» Problem to work on
From the line containing "Activistas de Femen" down to the last line of the material, output each line exactly as it appears, excluding pictures.

» Dataset content
◆ ◆ ◆ ◆
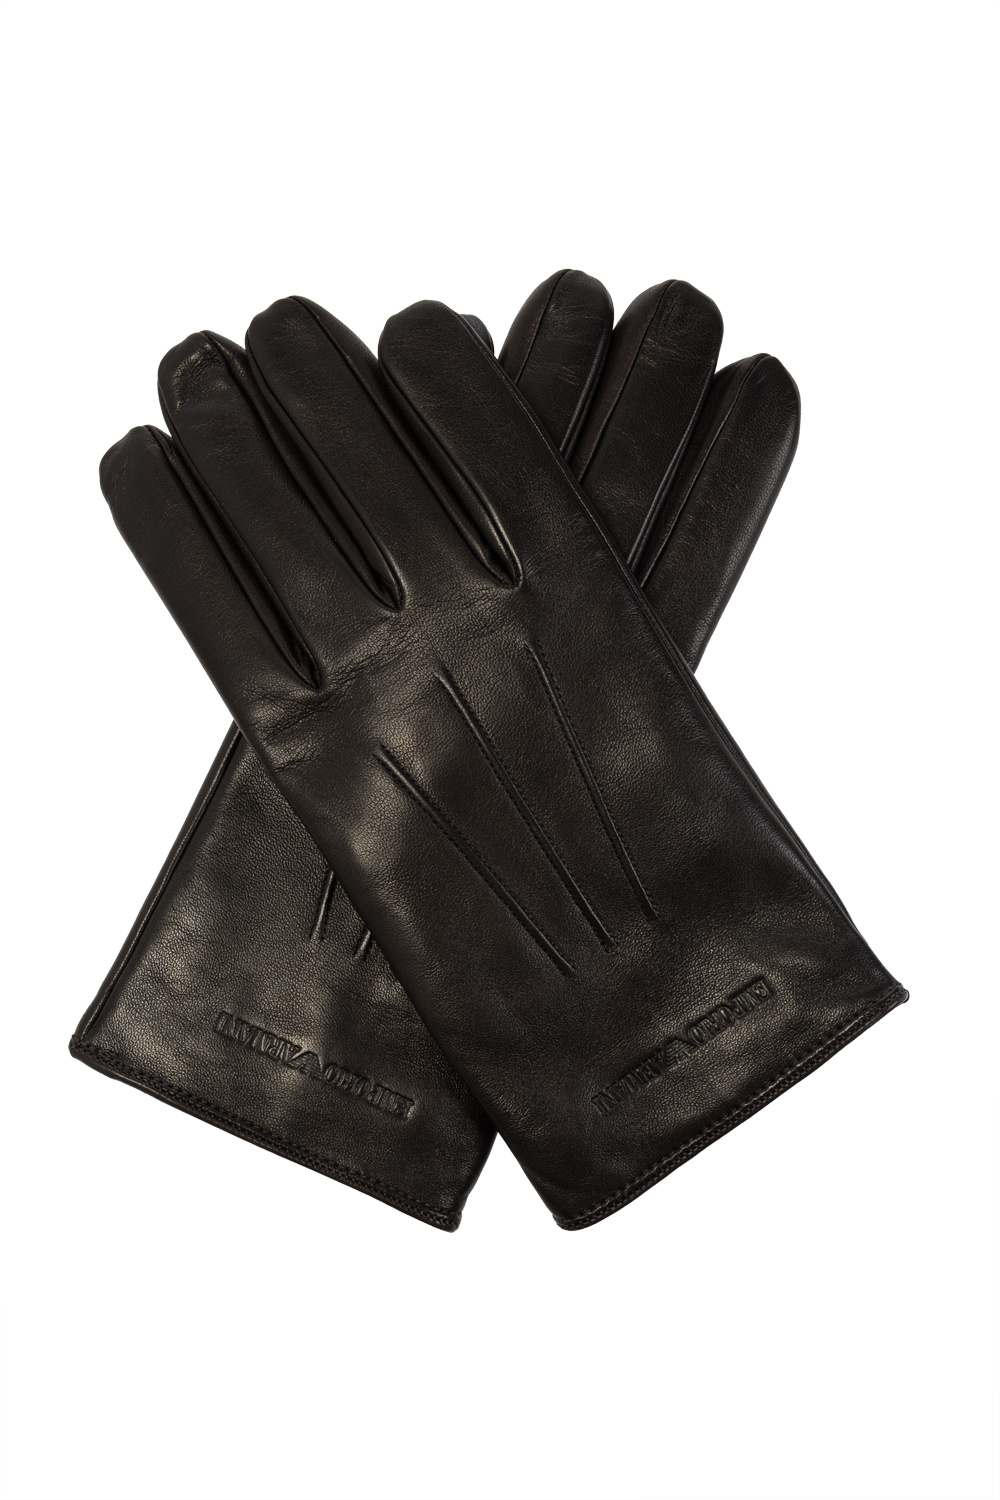 Emporio blk armani Leather gloves
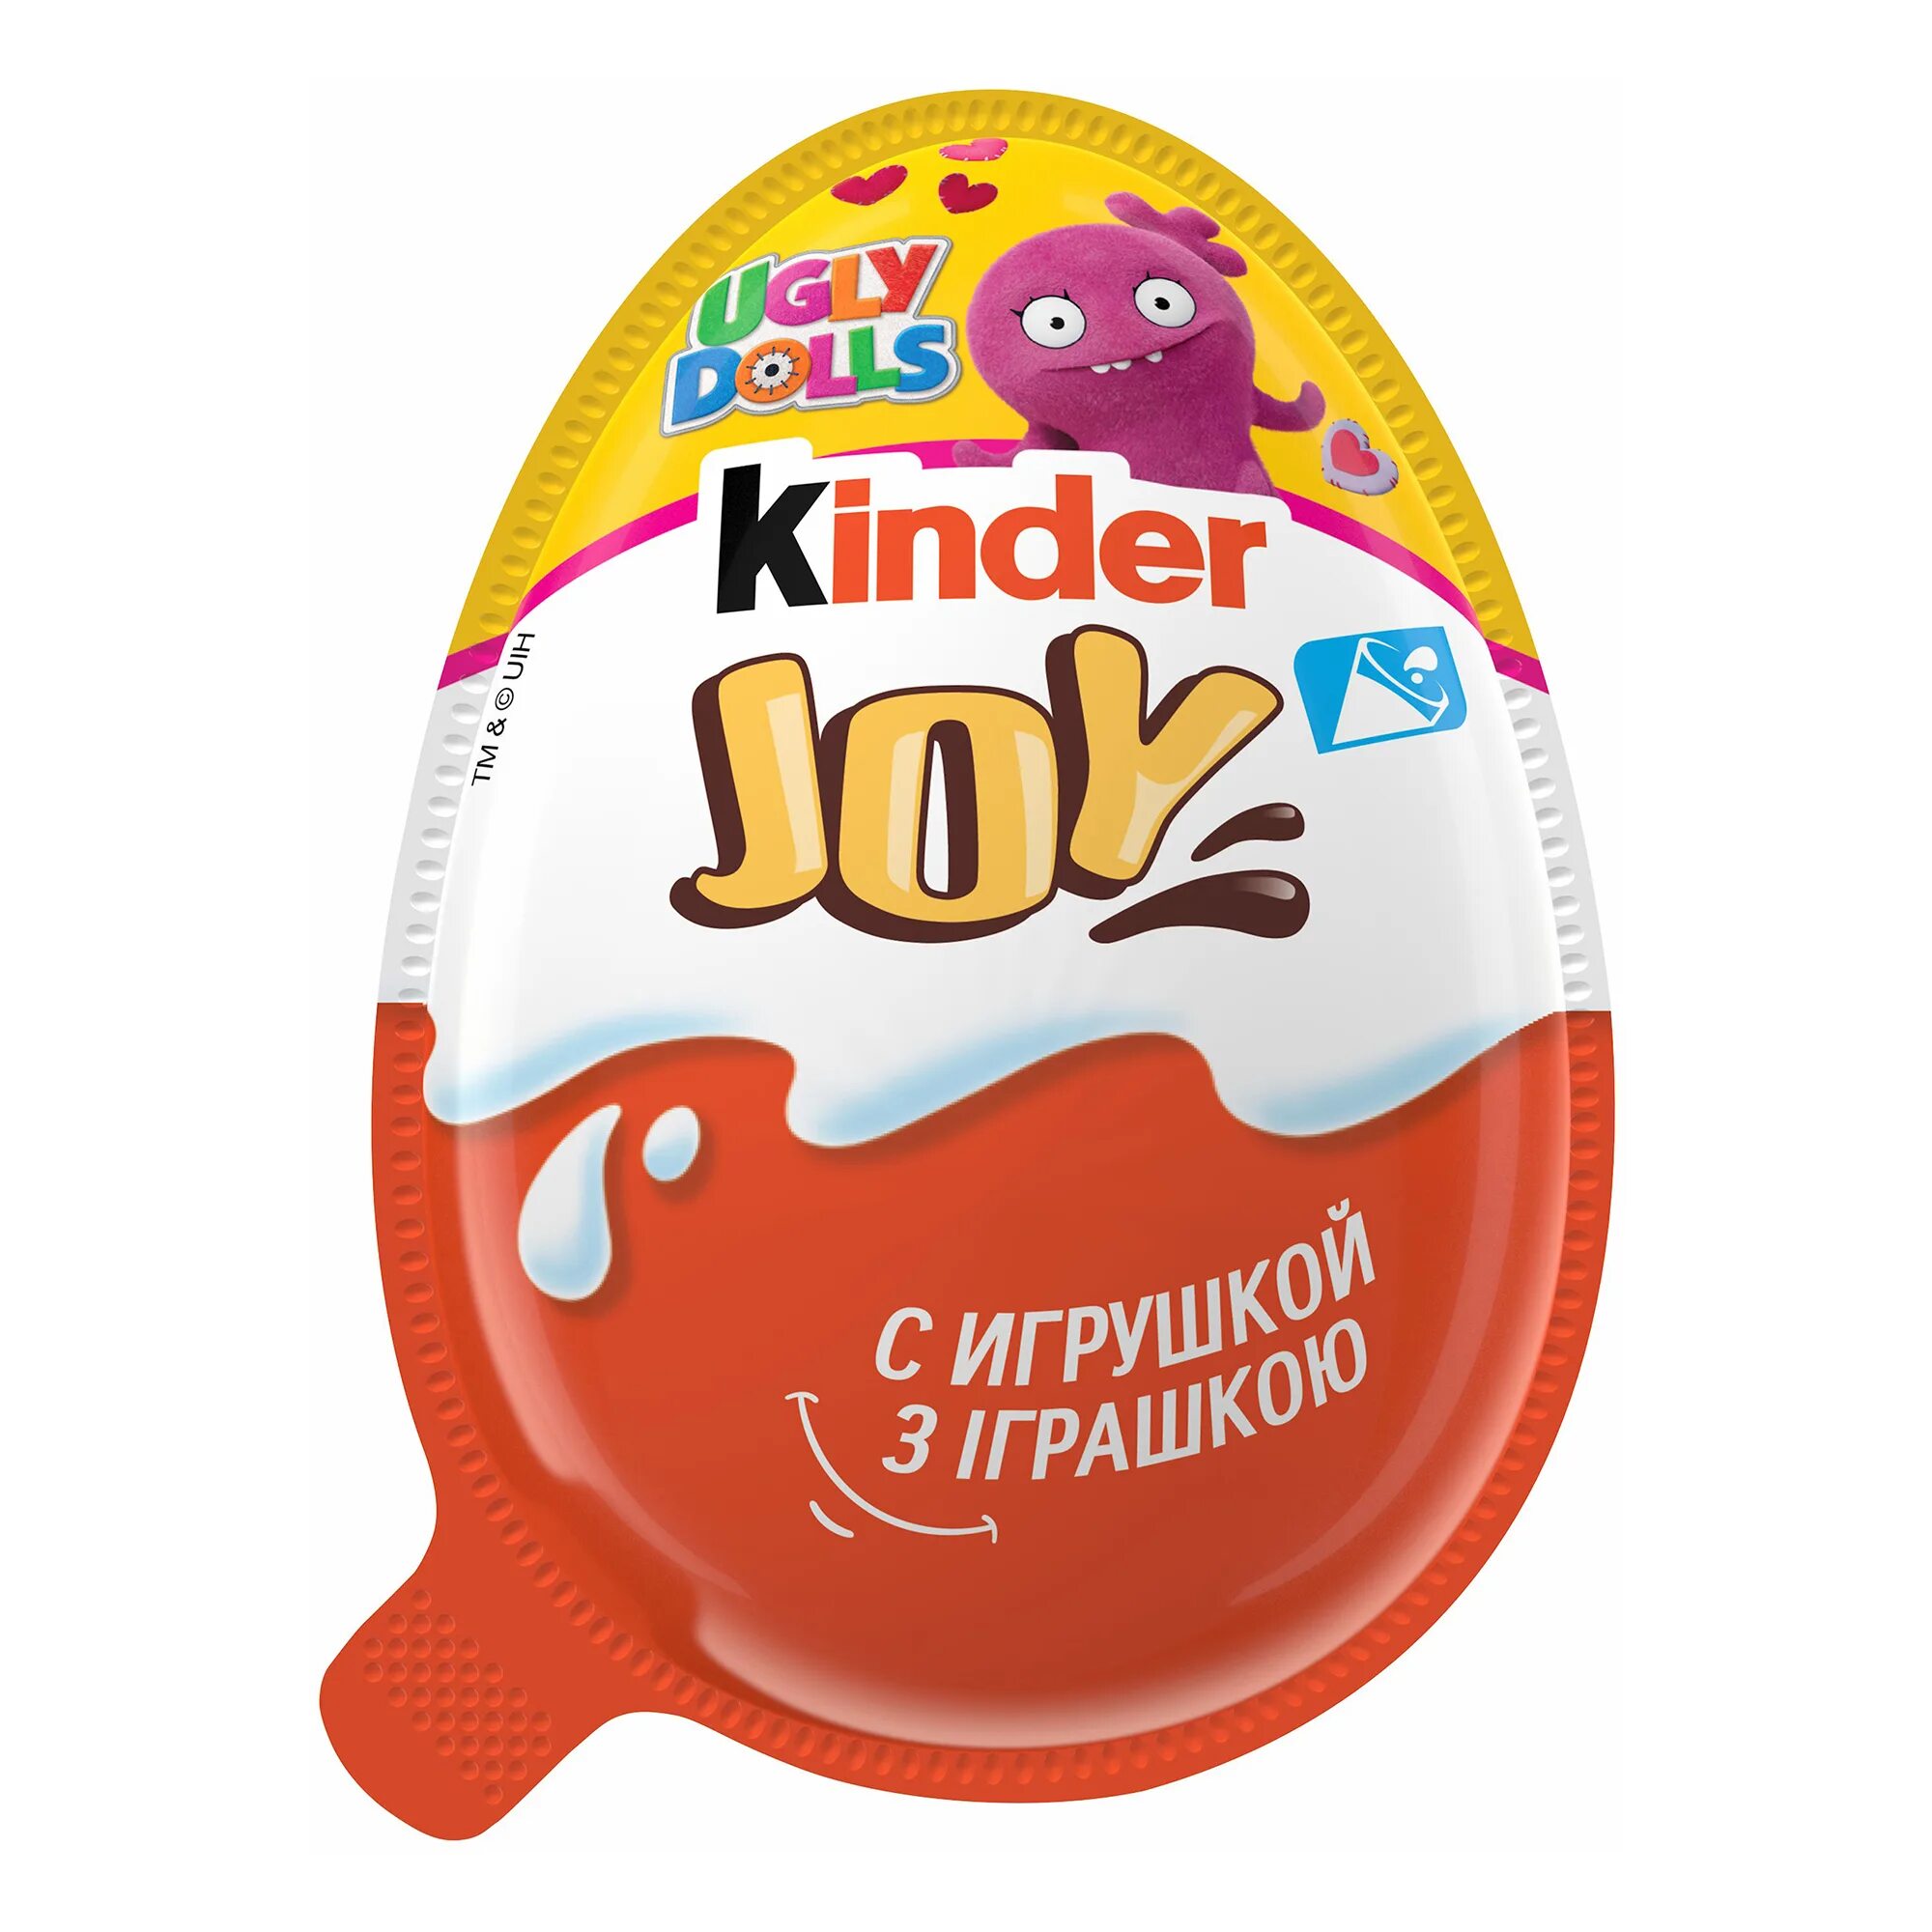 Яйцо шоколадное kinder Джой 20г. Яйцо kinder Joy шоколадное, 20 г. Kinder Joy (Киндер Джой) для мальчиков. Uglydolls Киндер Джой. Киндер джой купить
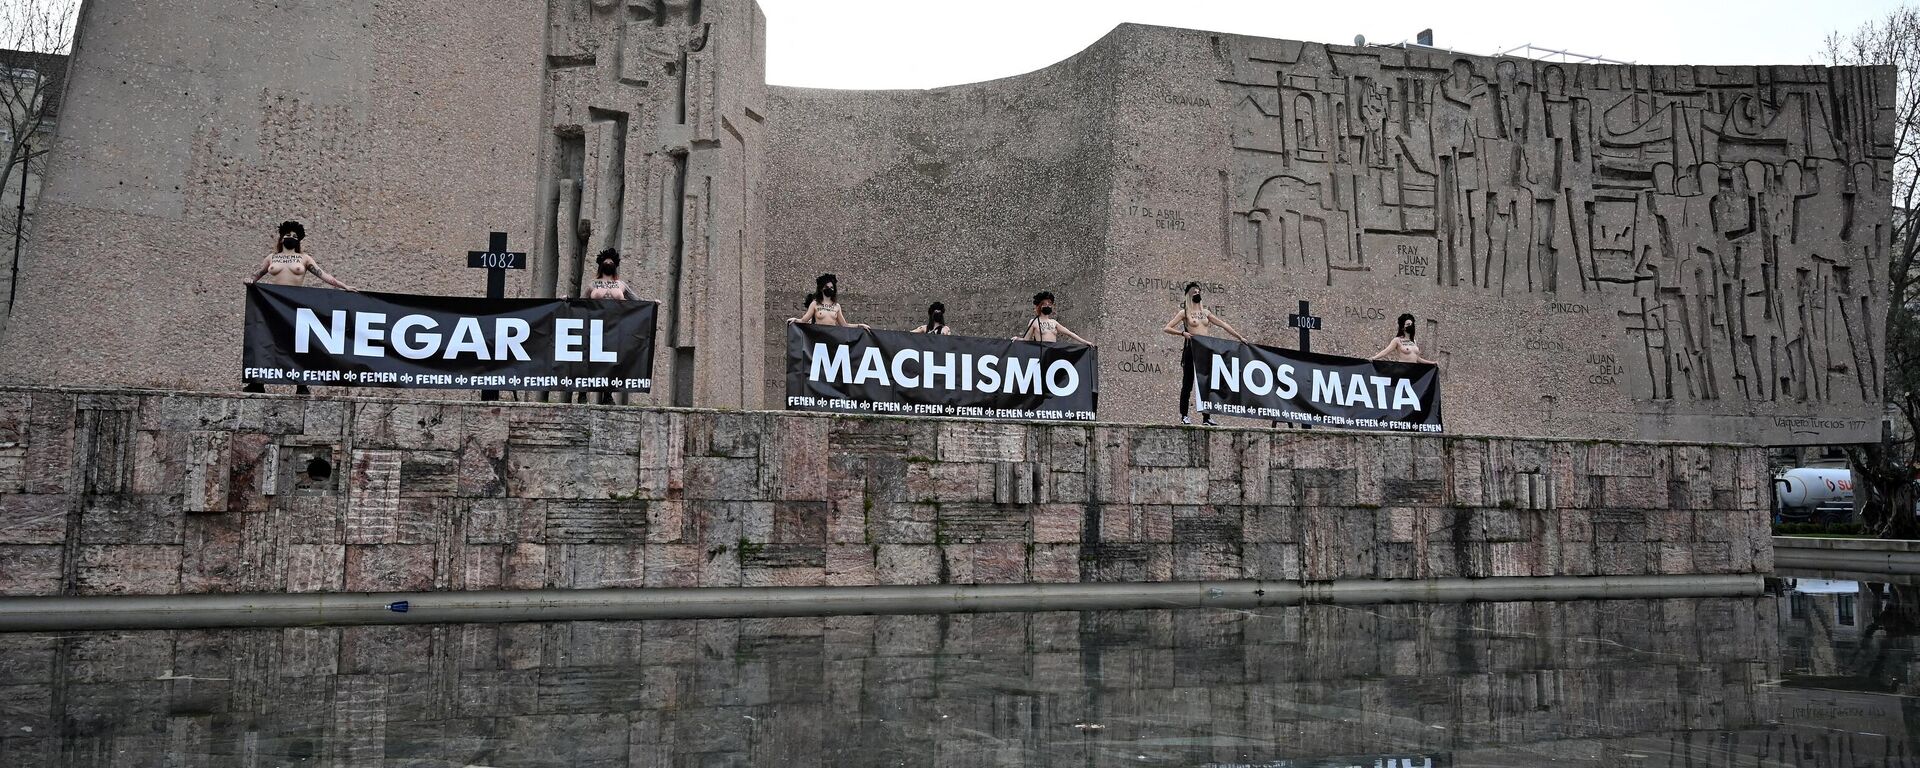 Activistas de Femen sostienen pancartas que dicen Negar el sexismo nos mata durante una protesta en la Plaza de Colón de Madrid el 5 de marzo de 2021. - Sputnik Mundo, 1920, 05.03.2021
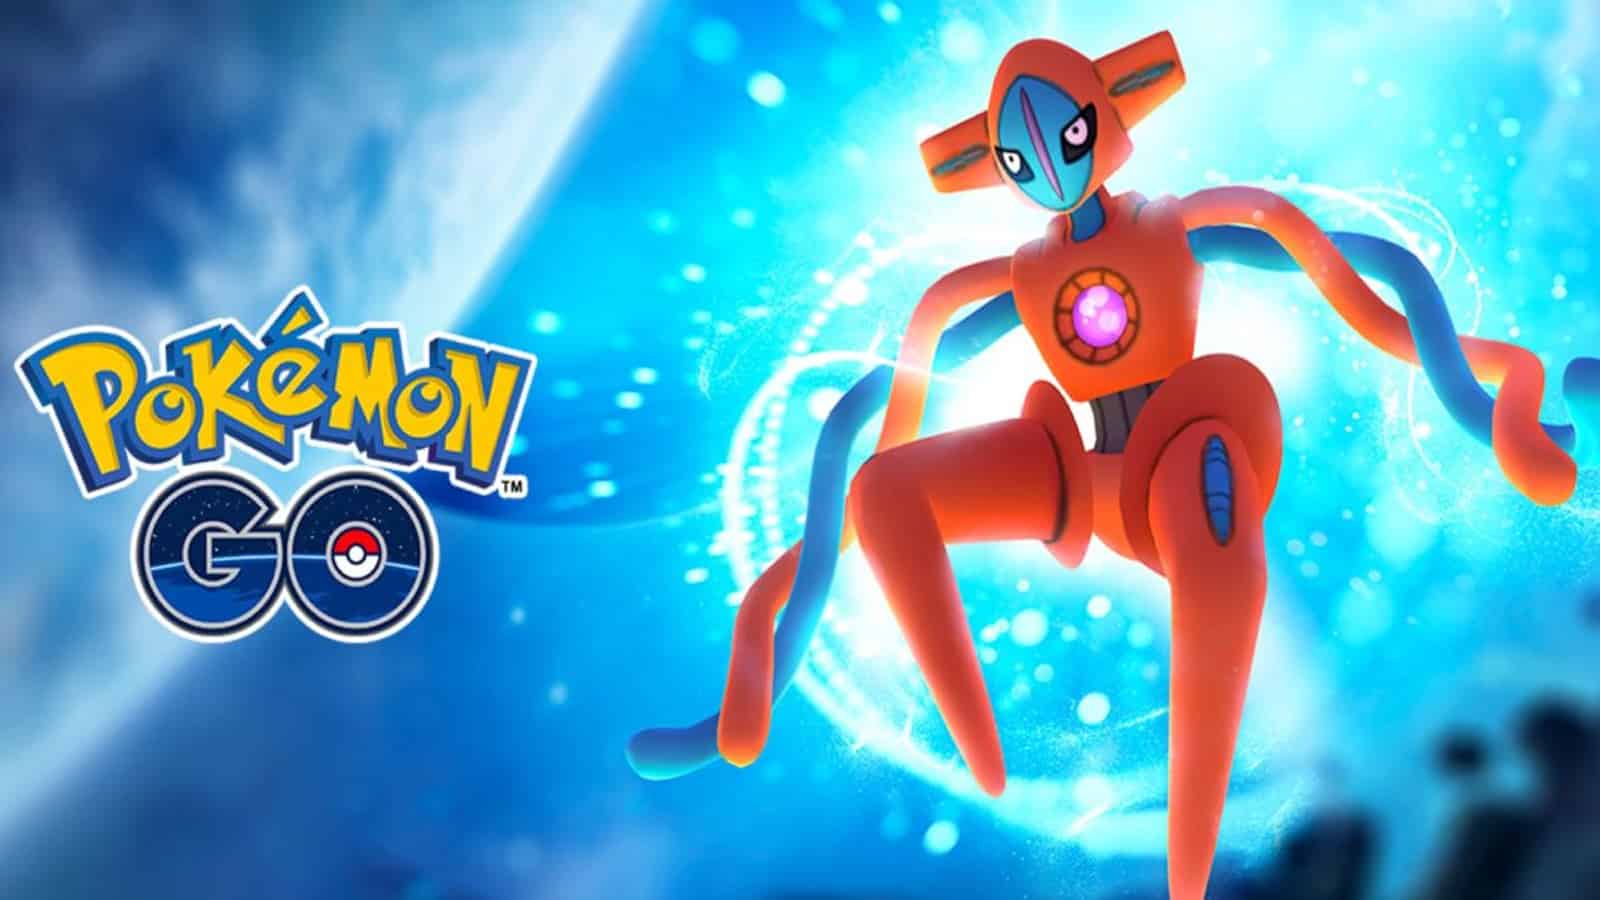 deoxys Guide Raid Pokémon Go
◆ ◆ ◆ ◆
» Solution below
 Activistas de Femen sostienen pancartas que dicen Negar el sexismo nos mata durante una protesta en la Plaza de Colón de Madrid el 5 de marzo de 2021. - Sputnik Mundo, 1920, 05.03.2021
 deoxys Guide Raid Pokémon Go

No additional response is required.